Project Summary
Low-value care (LVC), defined as care where harms or costs outweigh the benefits, is common and costly. For
patients, LVC can result in physical harm from the service itself, unnecessary follow-up tests/procedures, and
needless out-of-pocket costs. Patients with coronary artery disease (CAD) are at high risk of receiving LVC:
studies estimate that up to 50% of tests and 15% of procedures performed on patients with CAD may be LVC.
To identify and reduce LVC, accurate measurement is critical. Despite widespread adoption of administrative
claims-based measures to assess LVC, most measures have not been tested against the “gold standard” of
chart review (i.e., they do not have good criterion validity).

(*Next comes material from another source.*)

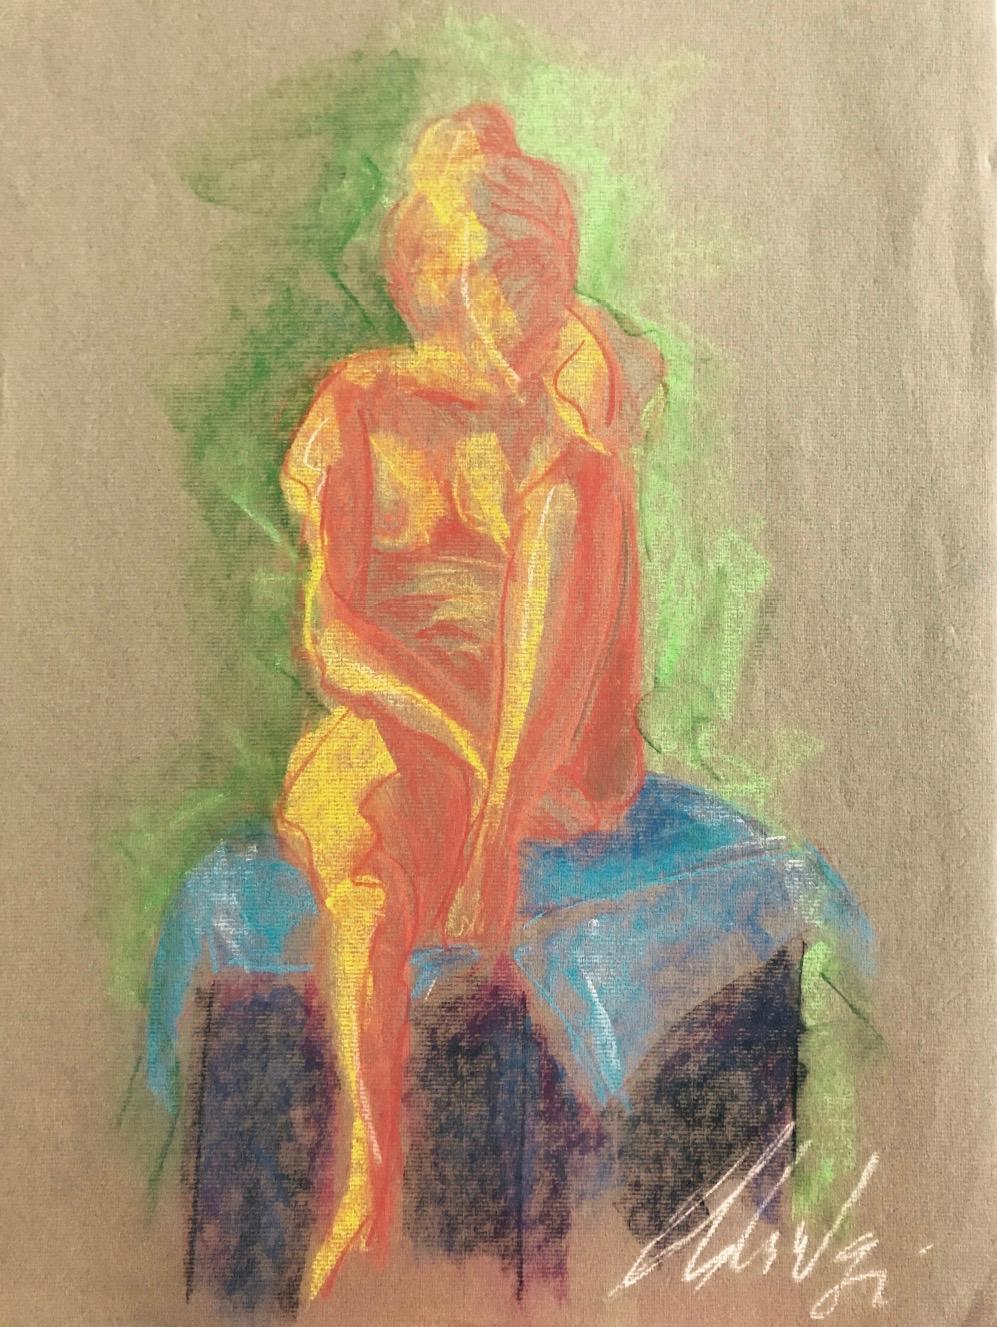 Painting 2 2.jpg

Using inaccurate LVC measures undermines quality
reporting and leads to inaccuracies in understanding the frequency, costs, and trends in use of LVC services; a
critical knowledge gap in understanding which LVC services should be prioritized for reduction.
Bundled payment models (BPMs), which pay organizations a fixed price for a 90-day episode of care such as
elective percutaneous coronary intervention (PCI), could reduce LVC but could also have unintended
consequences. Because BPMs provide a fixed payment to providers independent of patient risk, BPM
providers might perform more PCIs on low-risk patients for whom medical therapy alone is the guideline-
recommended treatment (i.e., they may perform more LVC PCIs). BPM providers might also perform fewer
appropriate PCIs for high-risk patients, or those perceived to be high-risk such as racial/ethnic minorities. To
assess the impacts of the elective PCI BPM, we will use data from the National Cardiovascular Data Registry,
which contains a reliable measure to classify PCIs as LVC or appropriate using clinical chart review data.
We have assembled an experienced team of cardiologists, economists, and outcomes researchers. In prior
and pilot work we have validated 3 claims-based LVC measures, but also found that 1 measure was not valid.
In Aim 1, we will use chart review as a “gold-standard” to assess the validity of commonly-used claims-based
LVC measures relevant for CAD patients. In Aim 2, we will use validated LVC measures to assess LVC
frequency, costs, and trends among a national sample of Medicare beneficiaries with CAD, and provide
policymakers with a priority list of LVC services to target for reduction. In Aim 3, we will conduct a difference-in-
differences analysis to assess the impact of elective PCI BPMs on a) LVC PCIs and healthcare disparities for
appropriate PCIs using detailed clinical data from the NCDR, and b) other validated LVC services using linked
Medicare claims. For patients with CAD, this research will 1) establish valid LVC measures which are needed
for quality improvement and accountability programs, 2) guide efforts to reduce LVC services, and 3) evaluate
the effect (and potential unintended consequences) of a policy intended to reduce LVC.